» **Task item**:
Omit every picture. Return all other data as it stands.

[Provided data Boundary: Start]

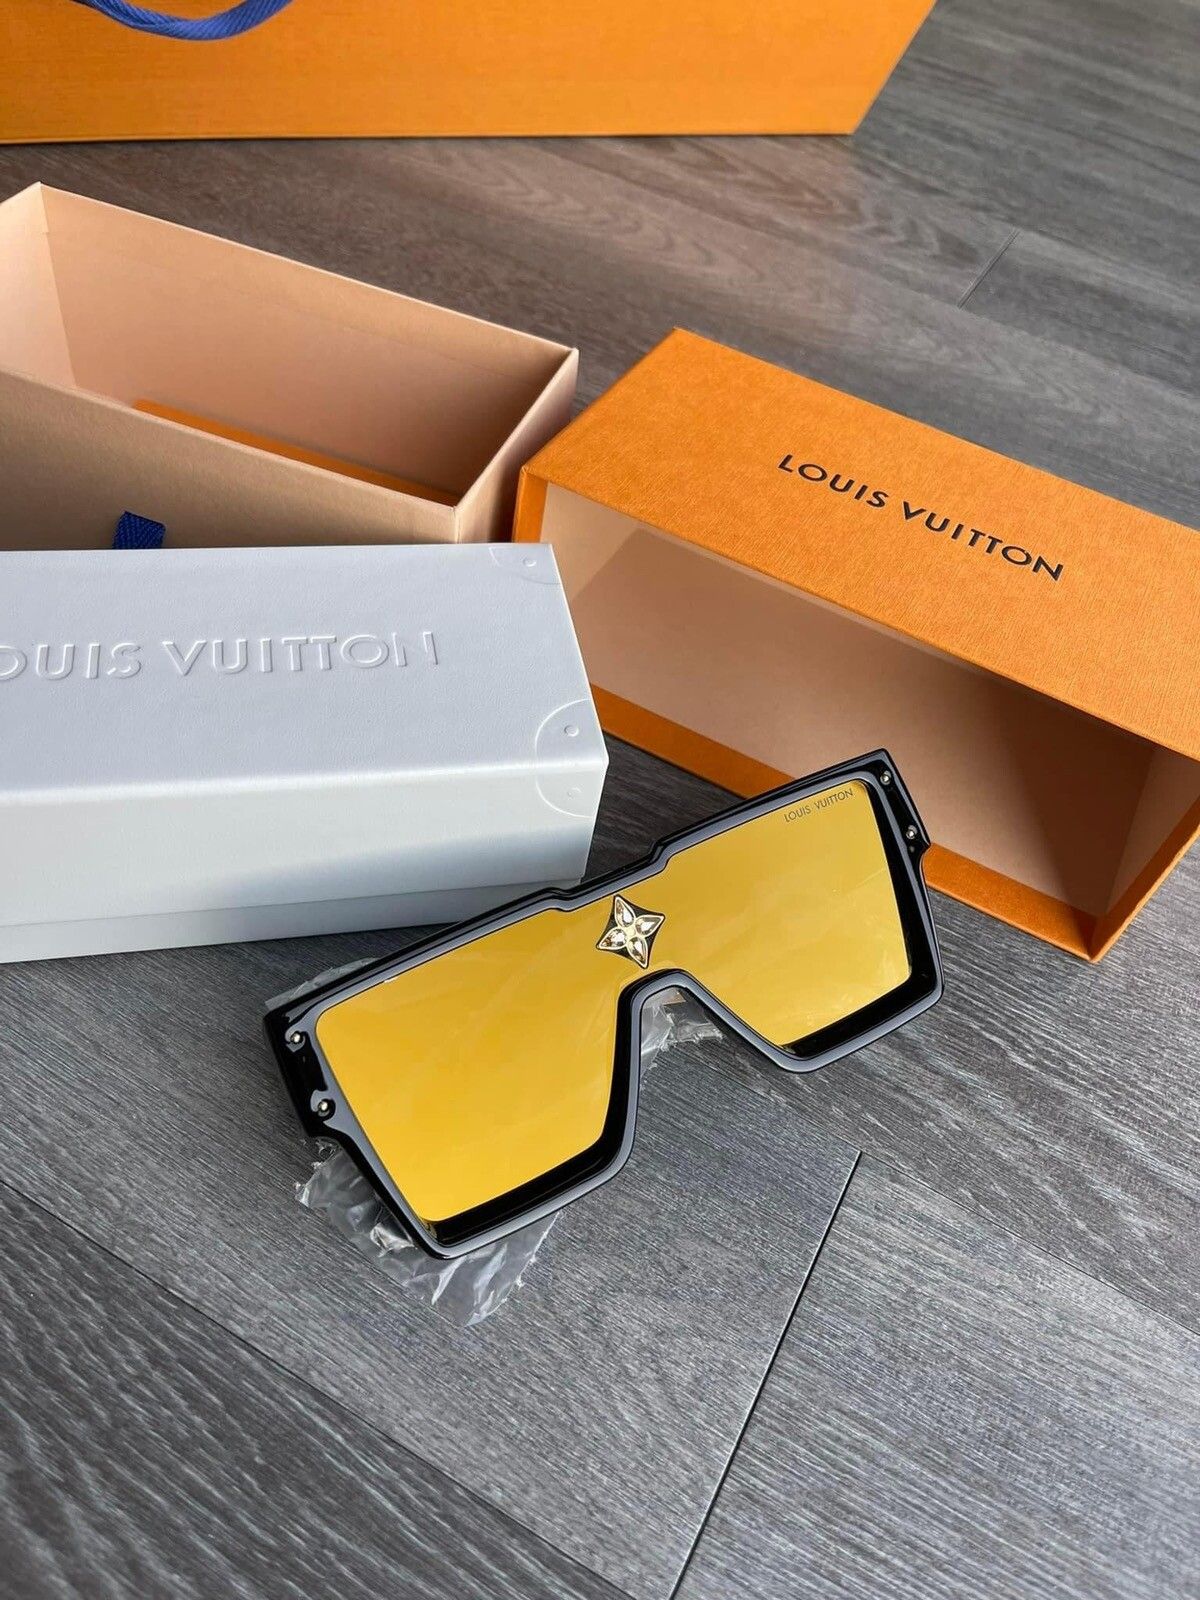 Louis Vuitton Accessories | Louis Vuitton Men LV Waimea Sunglasses Black Monogram Logo Z1082e Shades Glasses | Color: Black | Size: Os 
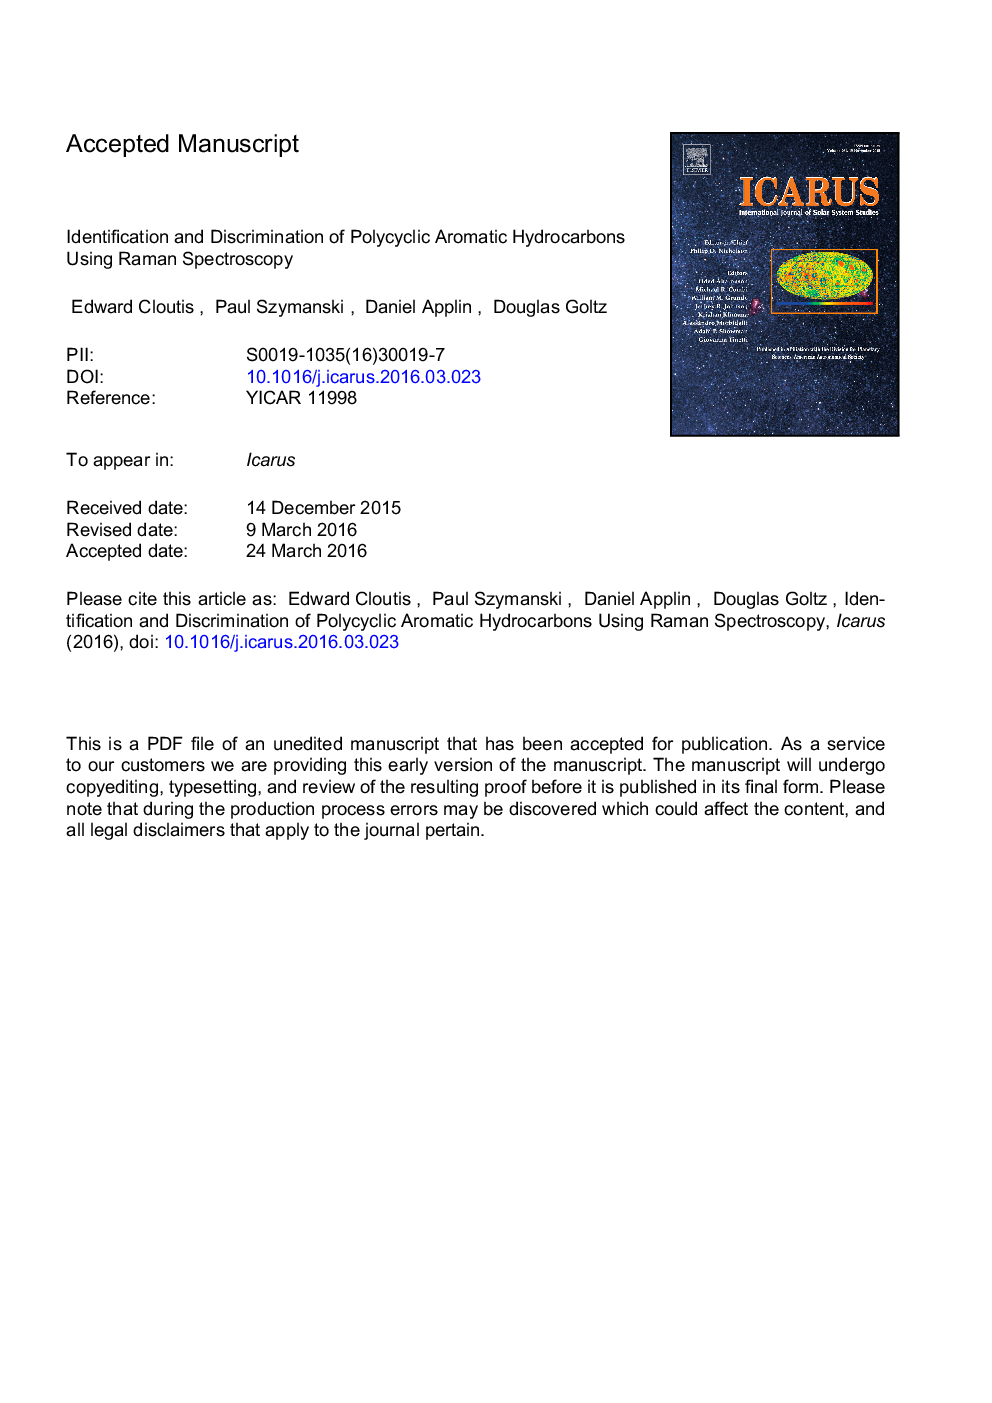 شناسایی و تبعیض از هیدروکربن های آروماتیک چند حلقه ای با استفاده از طیف سنجی رامان 
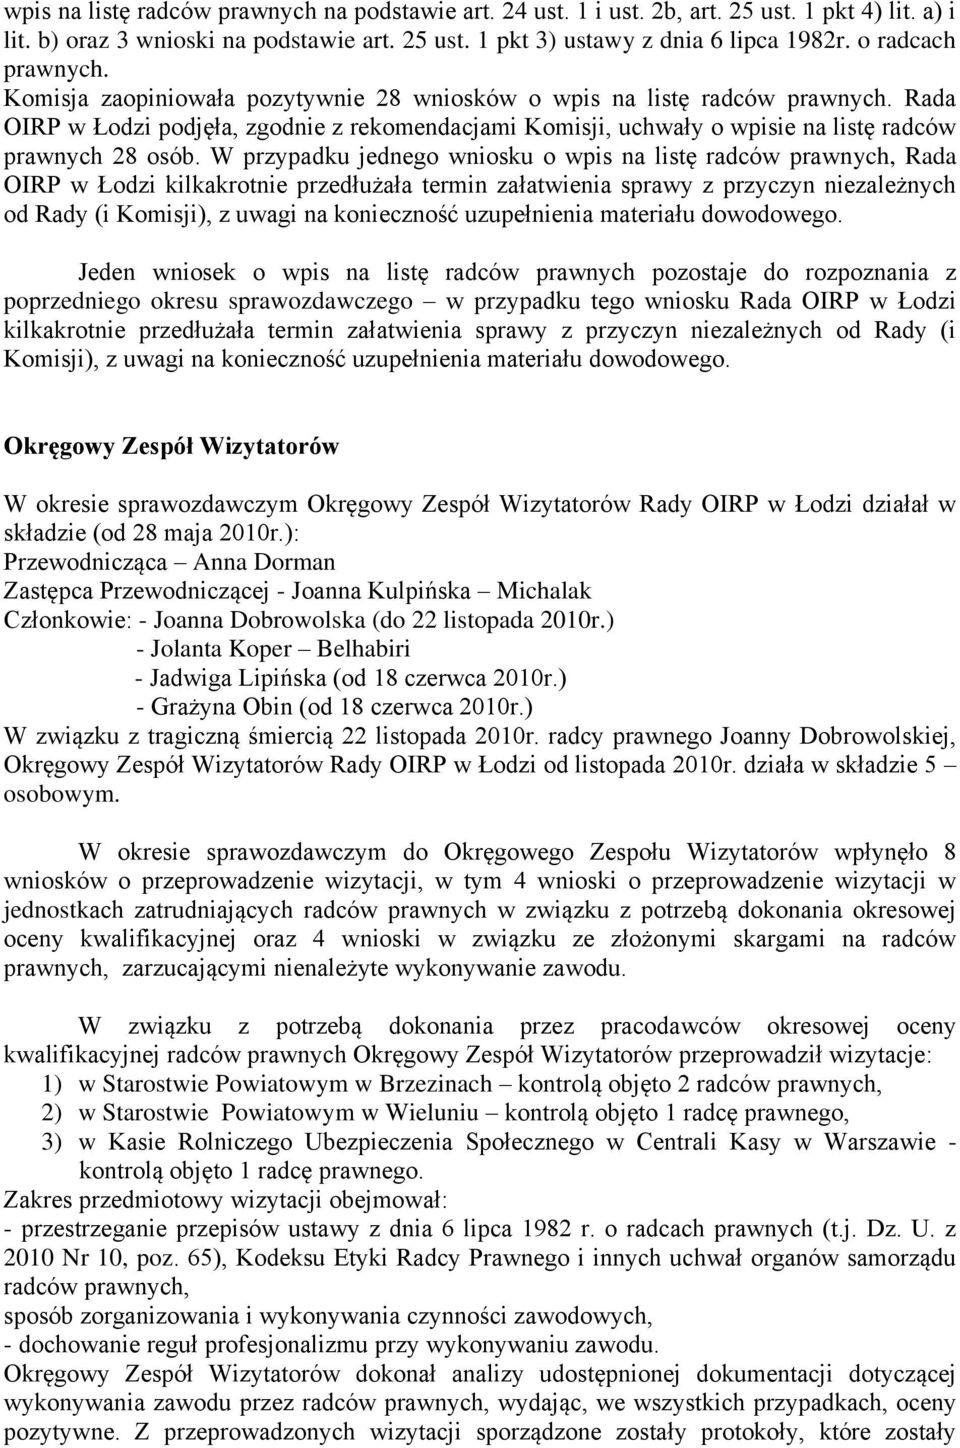 Rada OIRP w Łodzi podjęła, zgodnie z rekomendacjami Komisji, uchwały o wpisie na listę radców prawnych 28 osób.

[Provided data Boundary: End]

» **Exercise solution**:
 Louis Vuitton Accessories | Louis Vuitton Men LV Waimea Sunglasses Black Monogram Logo Z1082e Shades Glasses | Color: Black | Size: Os 
 شناسایی و تبعیض از هیدروکربن های آروماتیک چند حلقه ای با استفاده از طیف سنجی رامان 
 Rada OIRP w Łodzi podjęła, zgodnie z rekomendacjami Komisji, uchwały o wpisie na listę radców prawnych 28 osób.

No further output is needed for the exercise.